E(x^2) = Sum (x^2 * f(x))
= Sum (x^2 * p * q^(x-1))

I am not sure how to progress further from here - do you have any pointers? Thanks
$\displaystyle E(x^2)=\sum_{x=1}^\infty x^2 p q^{x-1}=\sum_{x=1}^\infty x p \frac{d}{dq} q^x=\frac{d}{dq}\sum_{x=1}^\infty x p q^x}=\frac{d}{dq} \Big(q E(x)\Big)=\ldots$
Since you know the value of the first moment, $E(x)$, you are essentially done.

3. Originally Posted by Failure
$\displaystyle E(x^2)=\sum_{x=1}^\infty x^2 p q^{x-1}=\sum_{x=1}^\infty x p \frac{d}{dq} q^x=\frac{d}{dq}\sum_{x=1}^\infty x p q^x}=\frac{d}{dq} \Big(q E(x)\Big)=\ldots$
Since you know the value of the first moment, $E(x)$, you are essentially done.

fantastic thanks

4. sorry, if I can just check - does that give the right answer?

E(x) is 1 / (1-q). Which gives E(x^2) = d/dq (q/(1-q)

= 1 / (1-q)^2 = 1/ p^2

I know the answer is (1+q)/p^2; so this looks wrong?

5. Originally Posted by sharpe
sorry, if I can just check - does that give the right answer?
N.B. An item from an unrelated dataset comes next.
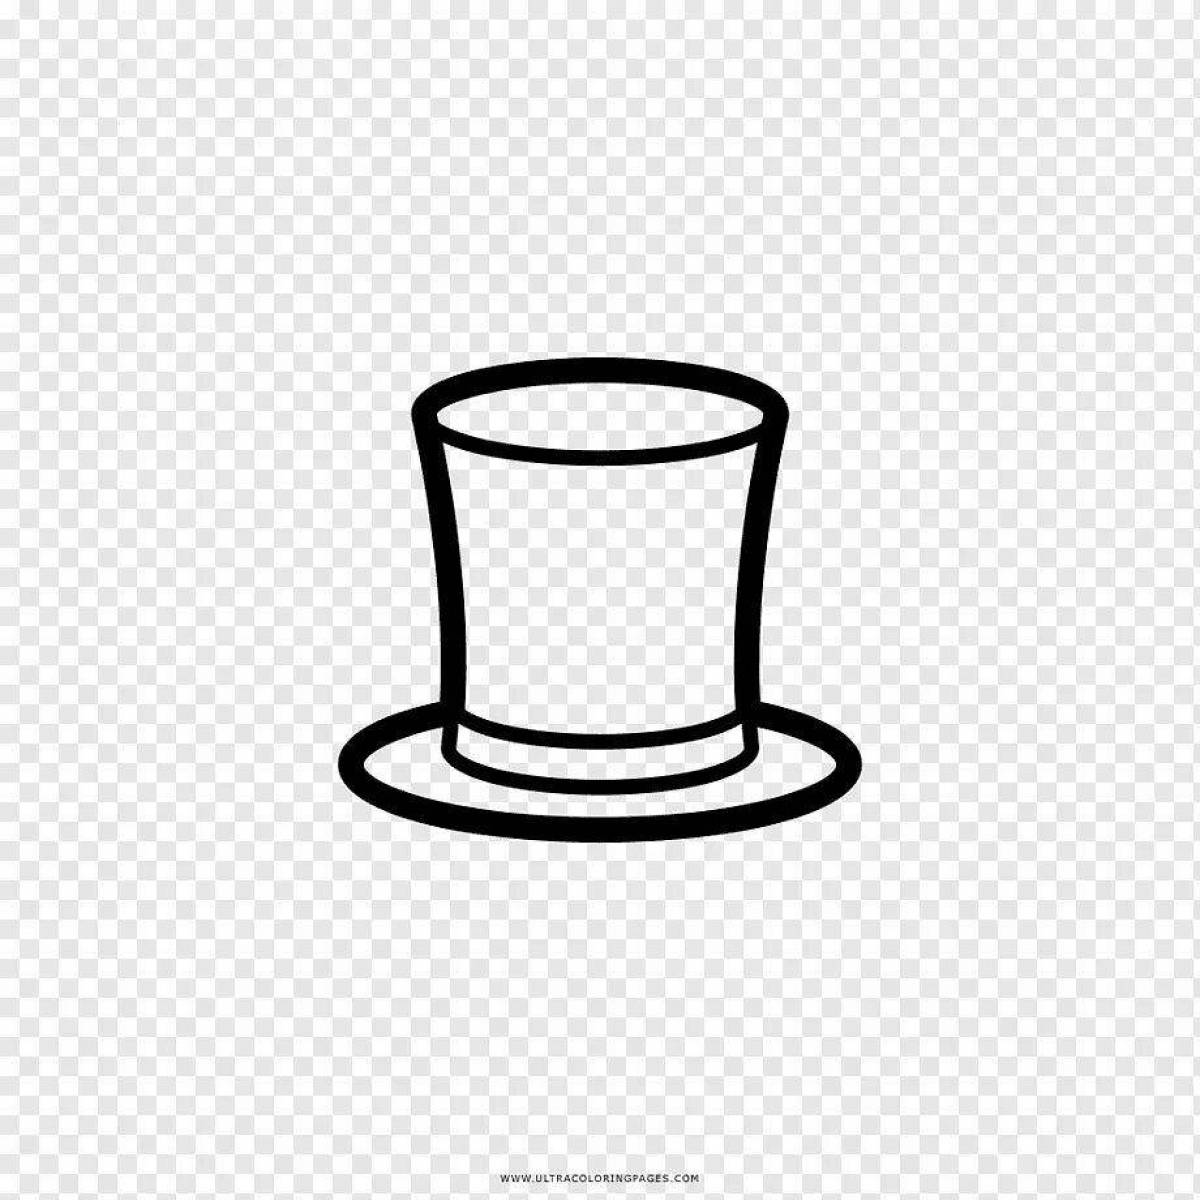 Coloring funny top hat

E(x) is 1 / (1-q). Which gives E(x^2) = d/dq (q/(1-q)

= 1 / (1-q)^2 = 1/ p^2

I know the answer is (1+q)/p^2; so this looks wrong?

In case anyone is interested, I found this by finding E(X(X-1)) first which is markedly easier. You then take the approach suggested, except using a second derivative.